In step S101, the transmitting end transmits a speech pilot signal to the receiving end to be subjected to speech function calibration, where the speech pilot signal includes original speech function information of the receiving end.
The language function refers to functions of each node meeting certain requirements in the intelligent network. The speech function is not only a certain function, but may be, for example, a face recognition speech function, a picture classification speech function, a text translation speech function, or the like. In a smart network, since each communication node is typically combined with artificial intelligence, such nodes are not only capable of receiving bitstreams in conventional communications, but also have a function, which is referred to as a speech function in the present invention.
The original language function information of the receiving end is contained in the language pilot signal, and in the intelligent network, the original language function of each node can be obtained through an algorithm similar to the updating of the routing table. Illustratively, based on the RIP protocol updated by the routing table, each node in the intelligent network shares own language function information, and takes the language function information as original language function information of the node.
Illustratively, the original speech function information of the speech pilot signal for calibrating the face recognition speech function may be a face image; the original language function information of the pilot signal for calibrating the language function of the text translation can be a piece of text.
In some embodiments, since the software and hardware environments of the sending end and the receiving end are different, and may both have the same function of the speech layer, but the process of implementing the function is different, before the sending end sends the speech pilot signal to the receiving end, the sending end sends the detection signal to the receiving end, and detects the software and hardware environment information of the receiving end, so that the following receiving end can correctly identify the speech pilot signal. The software and hardware environment information at least comprises hardware information, software information for realizing the language function and readable data types.

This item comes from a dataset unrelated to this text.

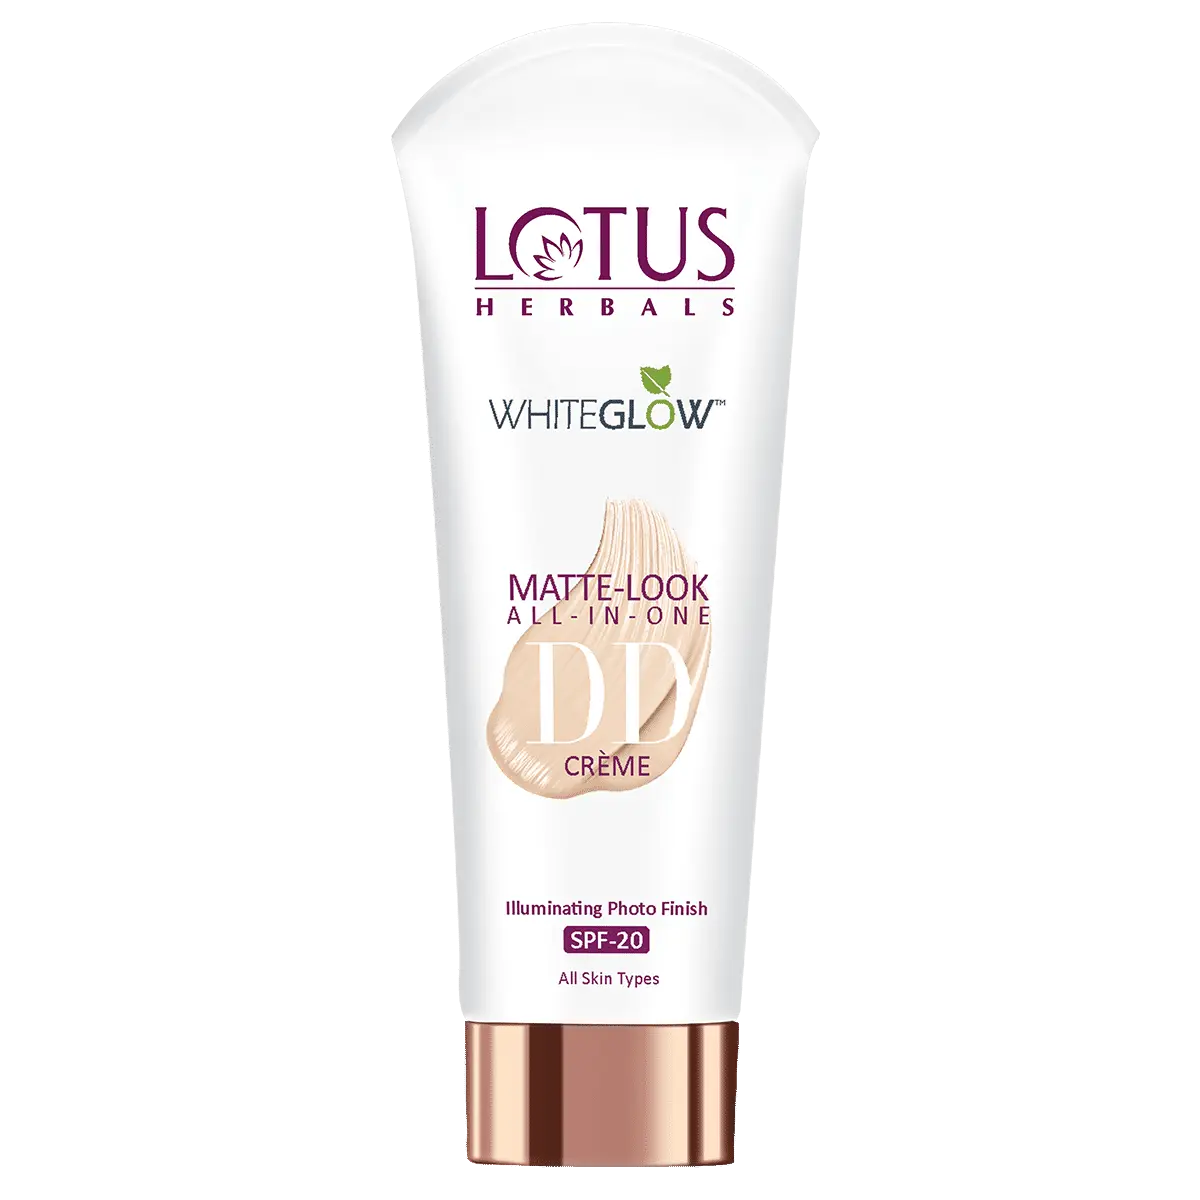 Lotus Herbals Whiteglow Matte Look All In One DD Cream - Natural Beige | SPF 20 | All Skin Types | 50g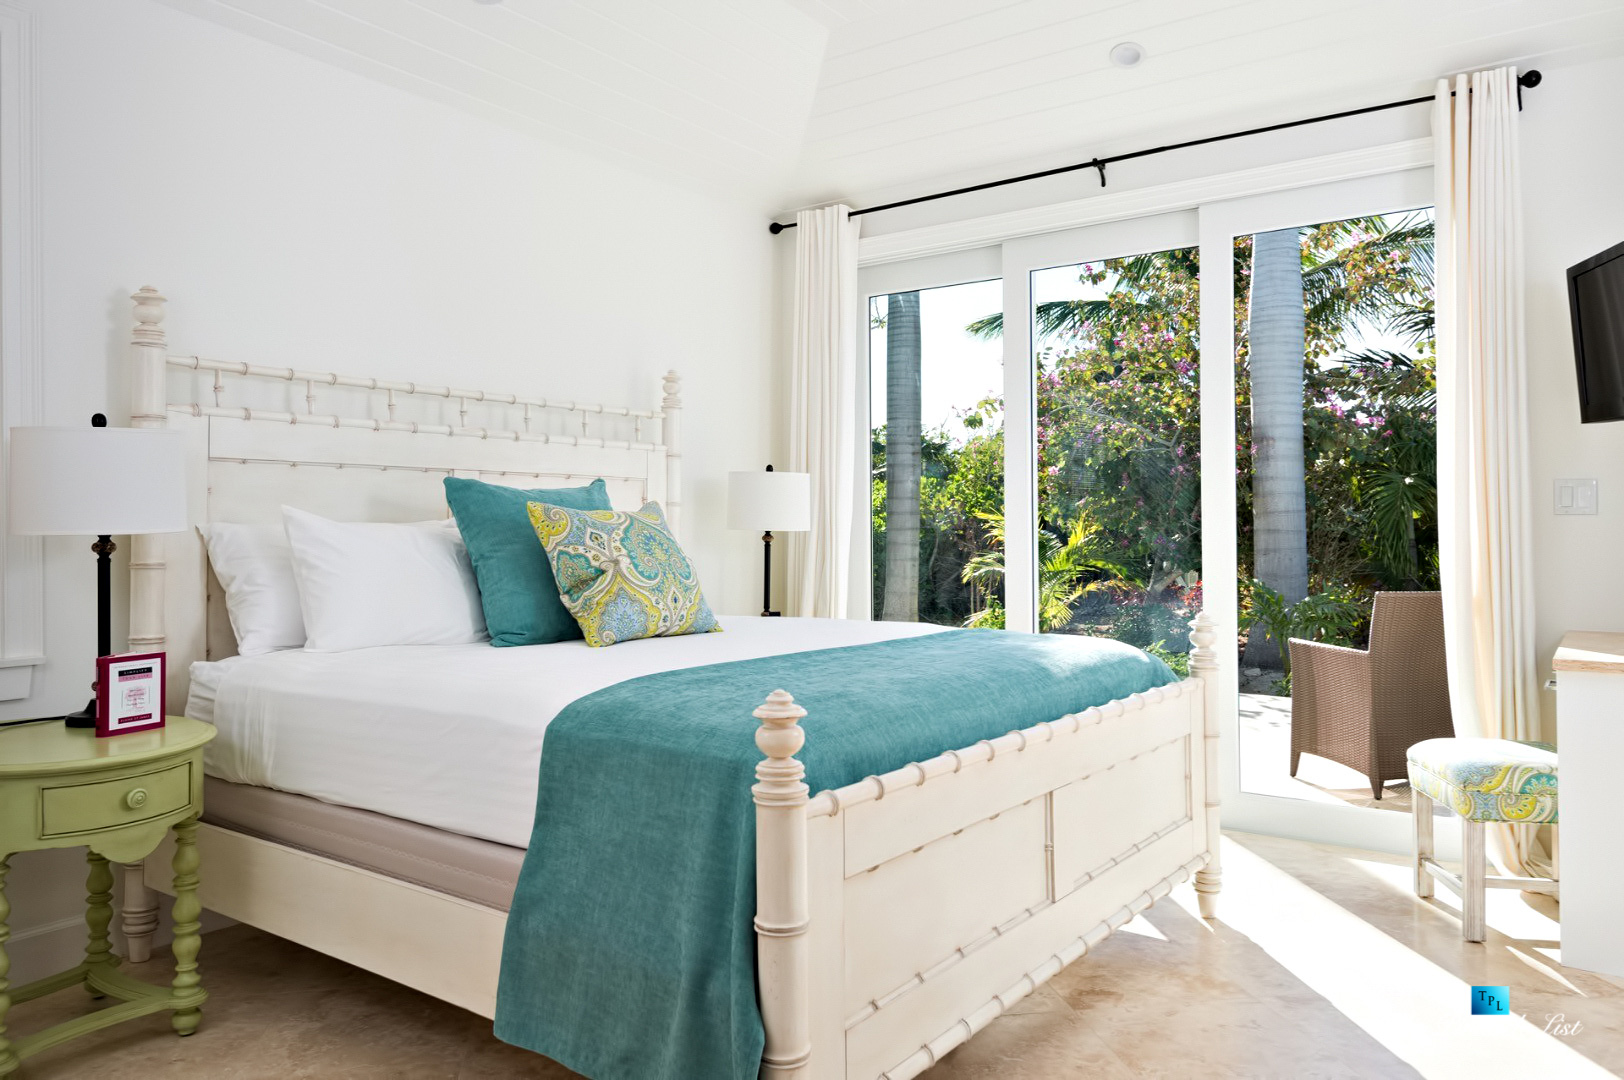 Villa Aquazure - Providenciales, Turks and Caicos Islands - Bedroom - Luxury Real Estate - Beachfront Home

In some embodiments, when the transmitting end transmits the voice pilot information to the designated receiving end, if the voice pilot information is transmitted through other nodes in the intelligent network, the other nodes only forward the voice pilot signal, and do not perform any processing.
In step S102, after receiving the voice pilot signal, the receiving end uses the voice pilot signal to test its own corresponding voice function, generates a test result, and feeds back the test result to the transmitting end.
In some embodiments, when multiple voice pilot signals are transmitted simultaneously on the same channel, they should be distinguished.
Specifically, when only one transmitting end is included, that is, when a plurality of voice pilot signals in a channel are transmitted by one transmitting end, the transmitting end shall number each voice pilot signal and mark priority, so that the receiving end can correctly distinguish the voice pilot signals for calibrating different voice functions and test each voice function according to the priority.
When multiple transmitting ends are included, that is, when multiple pilot signals for languages in a channel are transmitted by different transmitting ends, transmission of pilot signals for each language should be multiplexed according to a transmission rule of conventional communication, so as to reduce interference between pilot signals for each language. Wherein the multiplexing process at least comprises one or more of time division multiplexing, frequency division multiplexing and space division multiplexing.
In some embodiments, when only one transmitting end and one receiving end are included, when the transmitting end transmits the same voice pilot signal for calibrating the same voice function to the receiving end multiple times within a preset short time, the receiving end performs channel estimation processing on the voice pilot signal according to a preset protocol. Specifically, when the default condition is not set in advance, the preset protocol may be that only one of the voice pilot signals is subjected to channel estimation processing, that is, the receiving end only processes one of the received multiple same voice pilot signals; in some special application scenarios, such as complex and changeable environments and high requirements for real-time performance and accuracy, the preset protocol may be to perform channel estimation processing on each voice pilot signal, that is, the receiving end needs to process and timely feed back each received voice pilot signal.
In step S103, the test result is compared with the original speech function information of the receiving end, and the signal deformation condition of the speech layer between the transmitting end and the receiving end is calculated by using a preset deviation function.
The bias function needs to be selected according to specific language functions, and the classification task and the NLP (natural language processing) task are different in measurement criteria, so that different language functions have different bias functions.
Illustratively, the face recognition function of the receiving end is calibrated, and the transmitting end transmits a voice pilot signal to the receiving end, wherein the voice pilot signal comprises a face image with a label in a face database; after receiving the voice pilot signal, the receiving end obtains a corresponding face image; the receiving end carries out face recognition on the face image to obtain a group of recognition data, wherein the recognition data are as follows: the probability of recognizing the person a is 0.9, the probability of recognizing the person B is 0.07, and the probability of recognizing the person C is 0.03; and feeding the group of identification data back to the sending end, and comparing the fed-back identification data with original language function information by the sending end to judge whether the identification of the receiving end is correct or not so as to complete channel estimation of the language layer.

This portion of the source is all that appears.